======== Material provided ========

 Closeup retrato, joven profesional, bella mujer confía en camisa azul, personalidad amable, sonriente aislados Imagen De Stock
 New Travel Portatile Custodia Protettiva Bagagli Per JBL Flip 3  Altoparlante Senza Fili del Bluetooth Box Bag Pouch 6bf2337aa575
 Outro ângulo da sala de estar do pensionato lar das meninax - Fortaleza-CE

========
======== Material provided ========

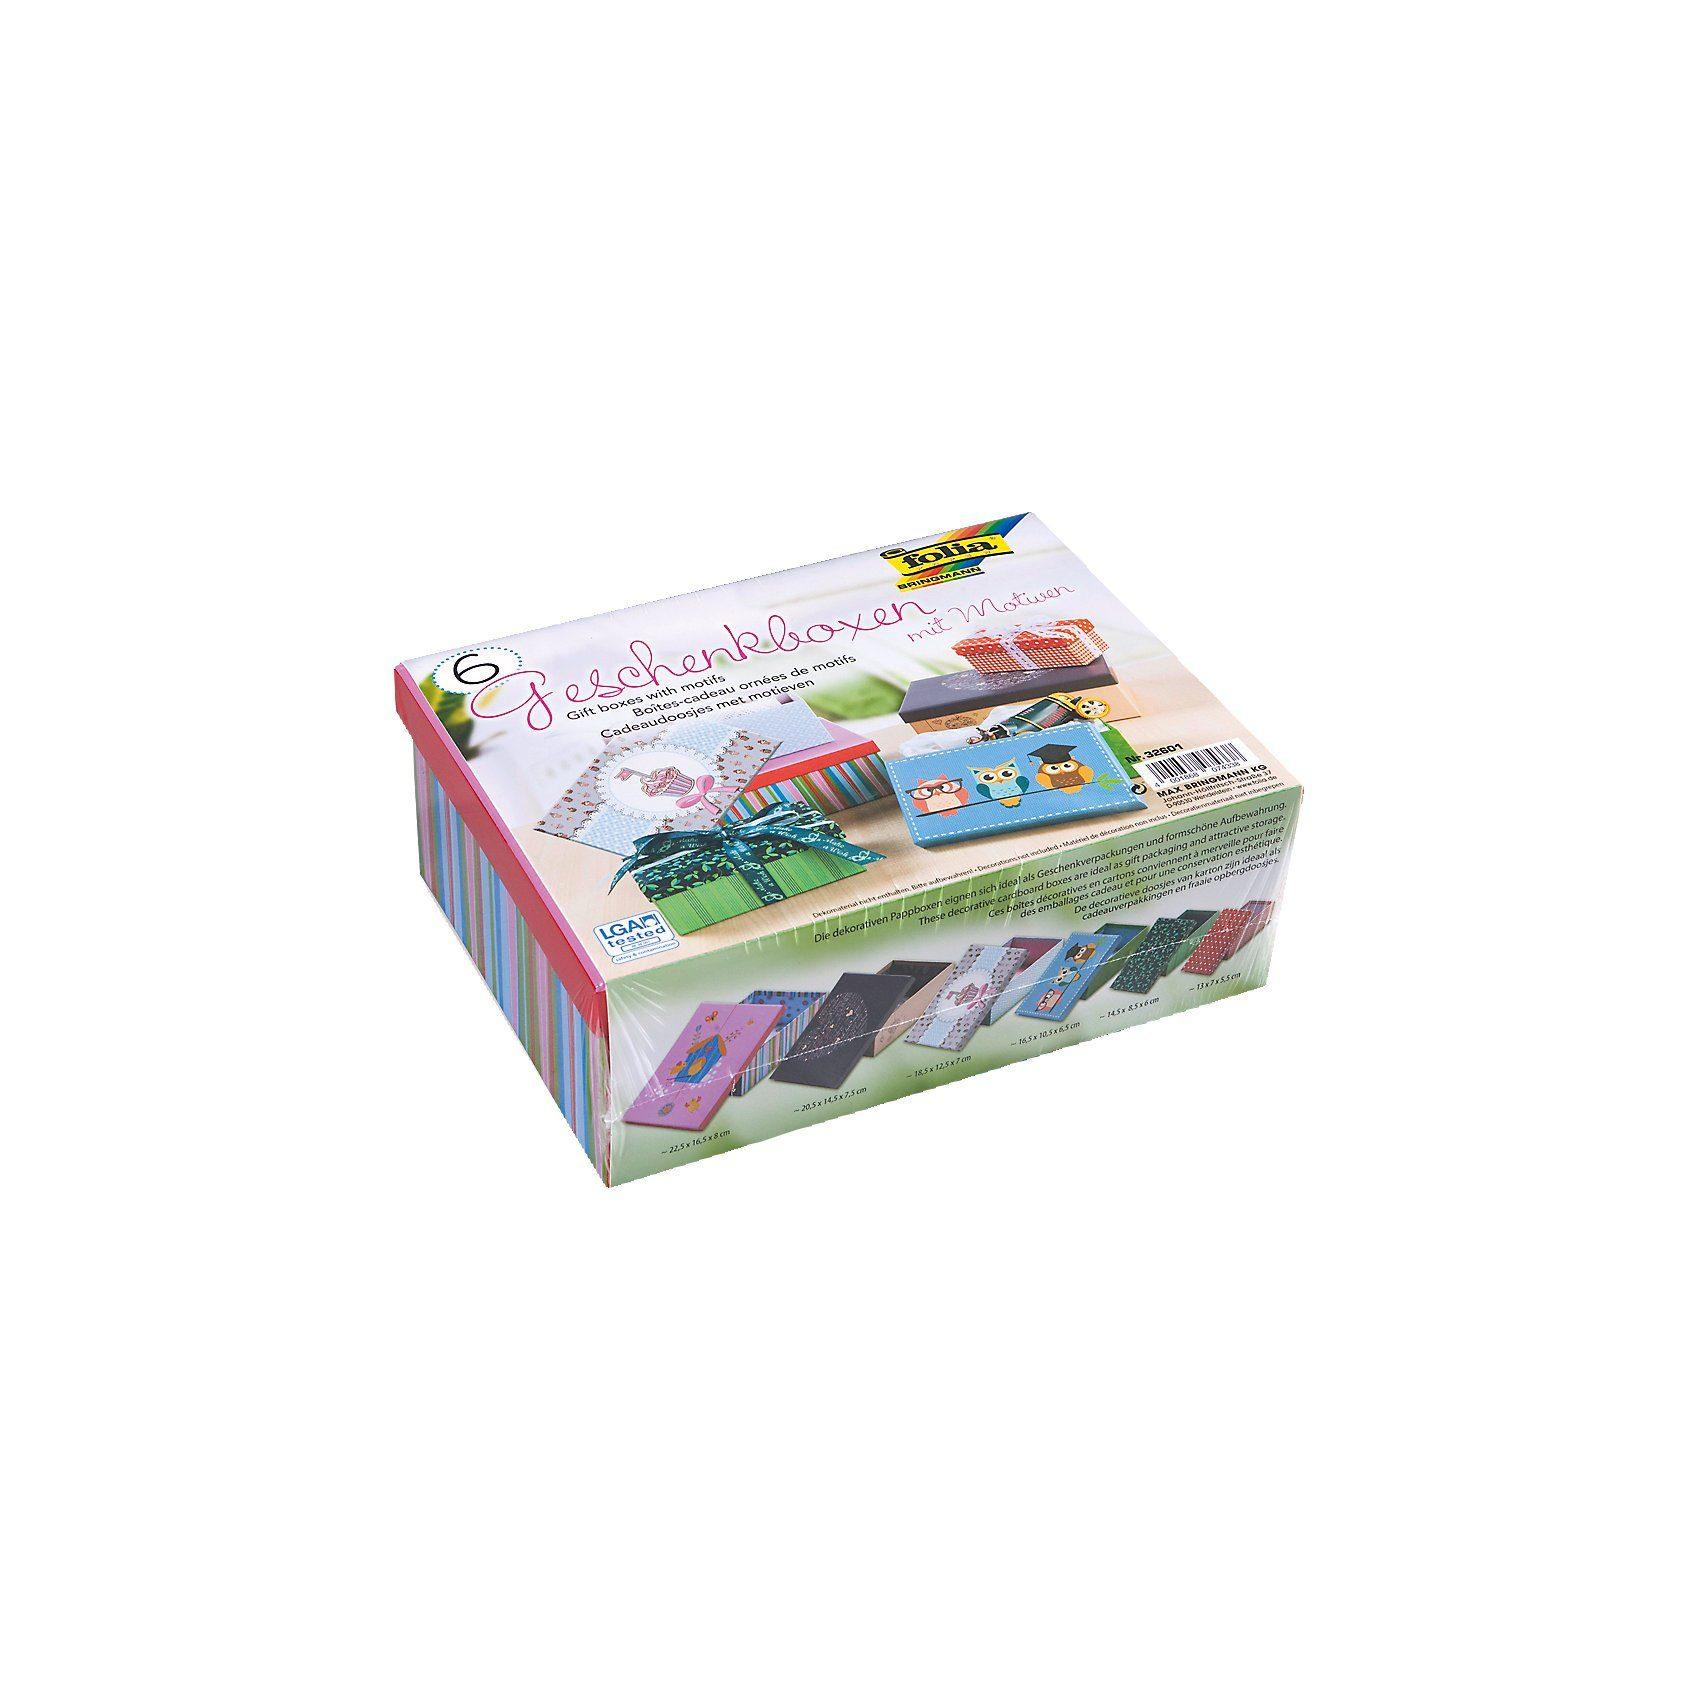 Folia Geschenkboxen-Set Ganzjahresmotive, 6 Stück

========

**Assigned task**
From the material above, retype precisely the lines between the line holding "Closeup retrato, joven" and the line holding "Outro ângulo da", inclusive, and nothing beyond them.

**Result of this exercise**
 Closeup retrato, joven profesional, bella mujer confía en camisa azul, personalidad amable, sonriente aislados Imagen De Stock
 New Travel Portatile Custodia Protettiva Bagagli Per JBL Flip 3  Altoparlante Senza Fili del Bluetooth Box Bag Pouch 6bf2337aa575
 Outro ângulo da sala de estar do pensionato lar das meninax - Fortaleza-CE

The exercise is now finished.